*** Dataset excerpt Section Begins ***
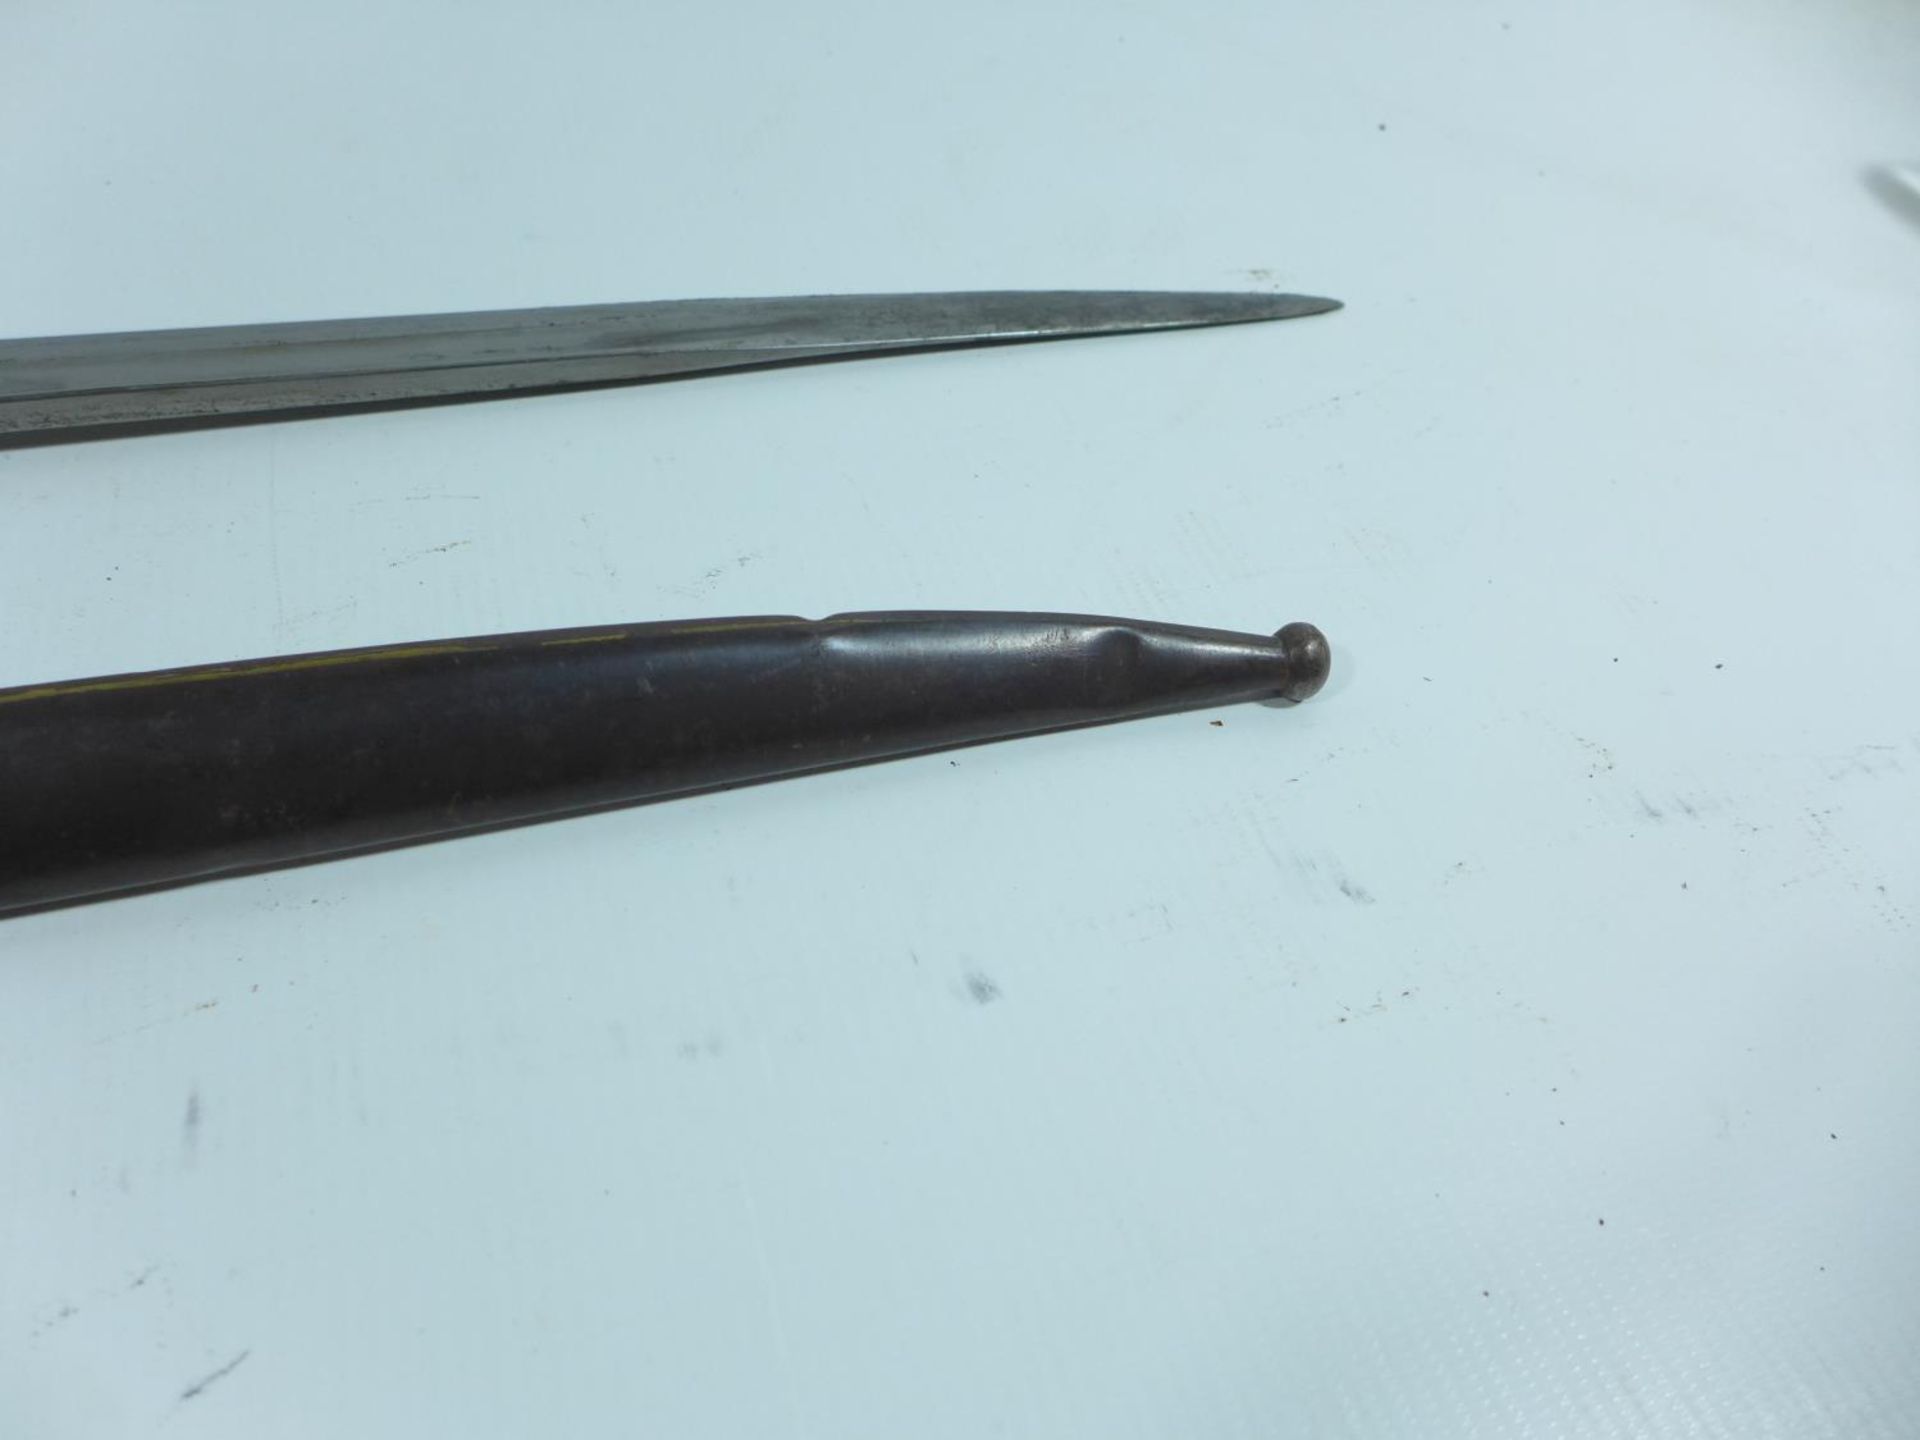 A PORTUGESE 1885 BAYONET AND SCABBARD, 47CM BLADE, LENGTH 61.5CM - Image 3 of 6
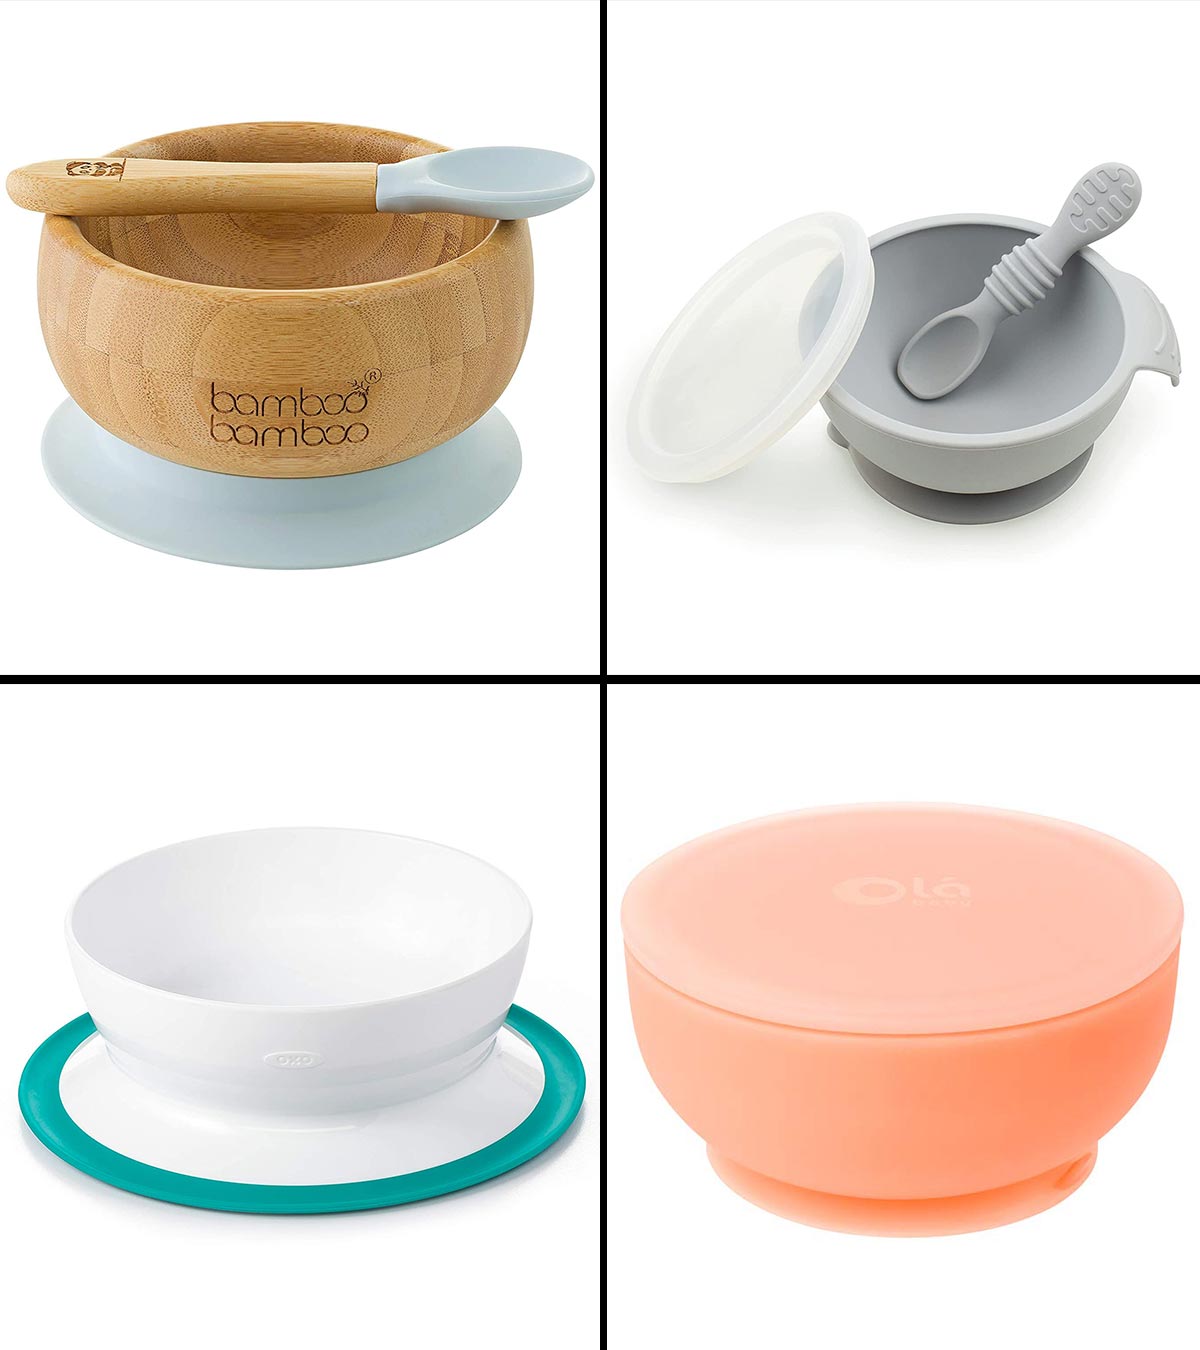 Best Bowls and Plates for Babies of 2023
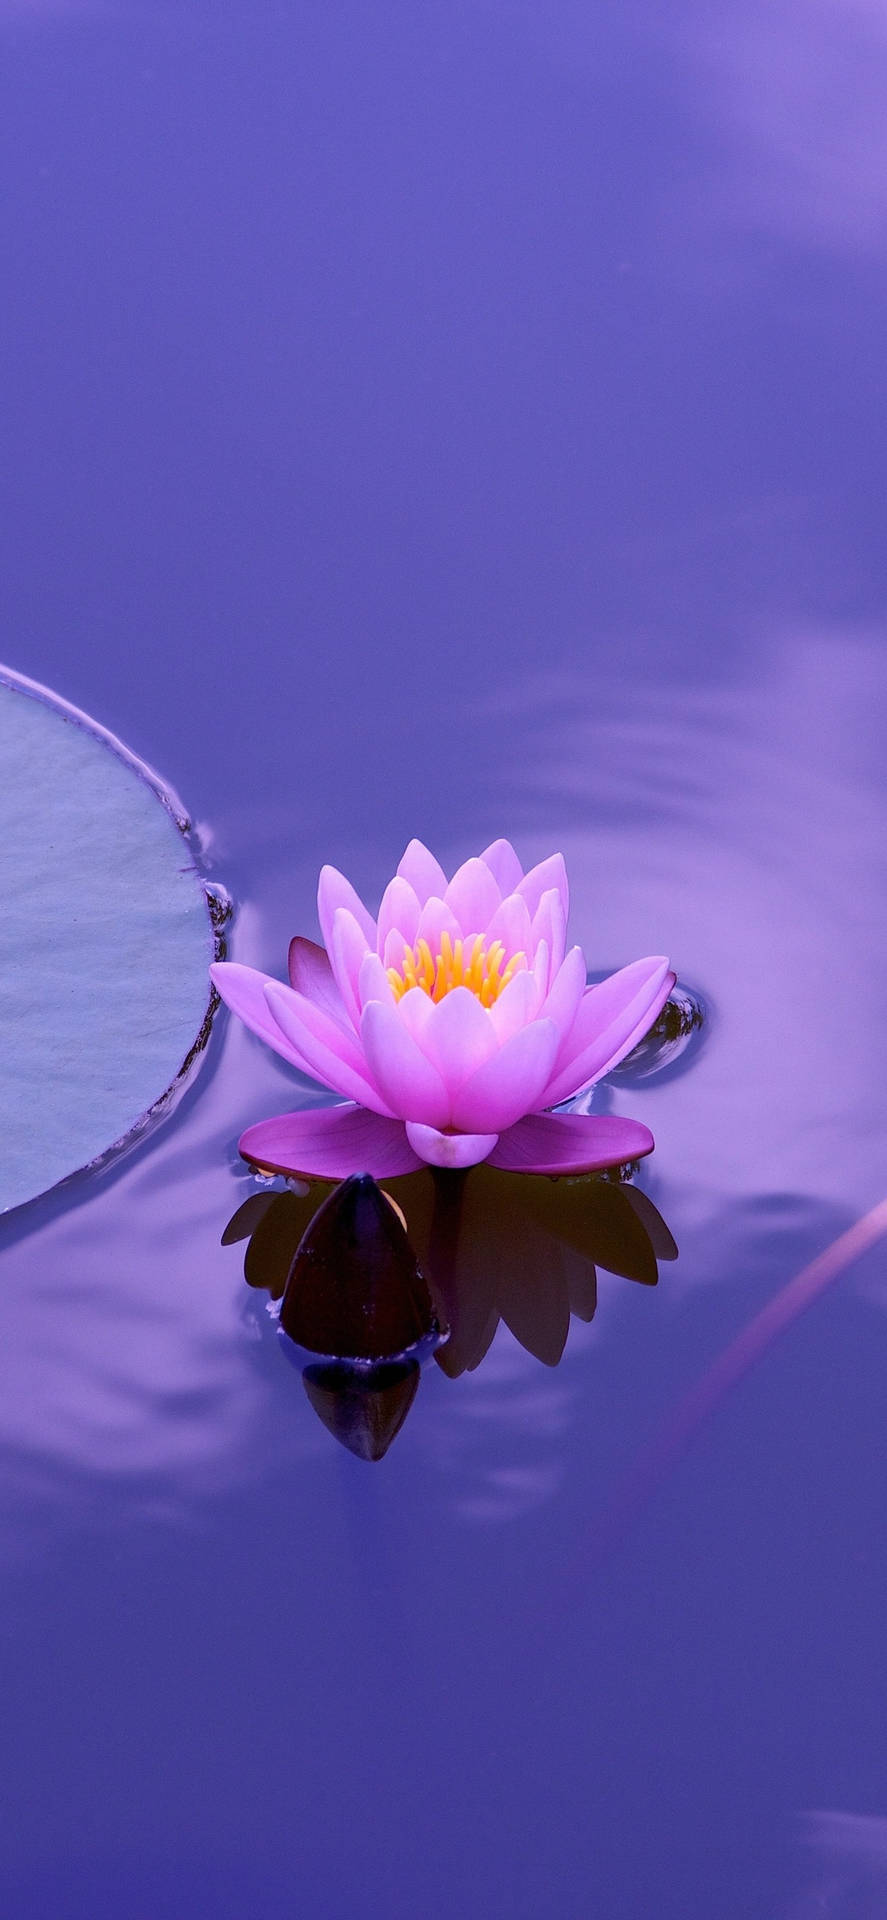 A Pink Flower Floating In A Pond Wallpaper
*** Dataset excerpt Section Ends ***
## Assignment
Leave the images out and give the rest of the data again exactly.

## Written answer
 A PORTUGESE 1885 BAYONET AND SCABBARD, 47CM BLADE, LENGTH 61.5CM - Image 3 of 6
 Best Bowls and Plates for Babies of 2023
 A Pink Flower Floating In A Pond Wallpaper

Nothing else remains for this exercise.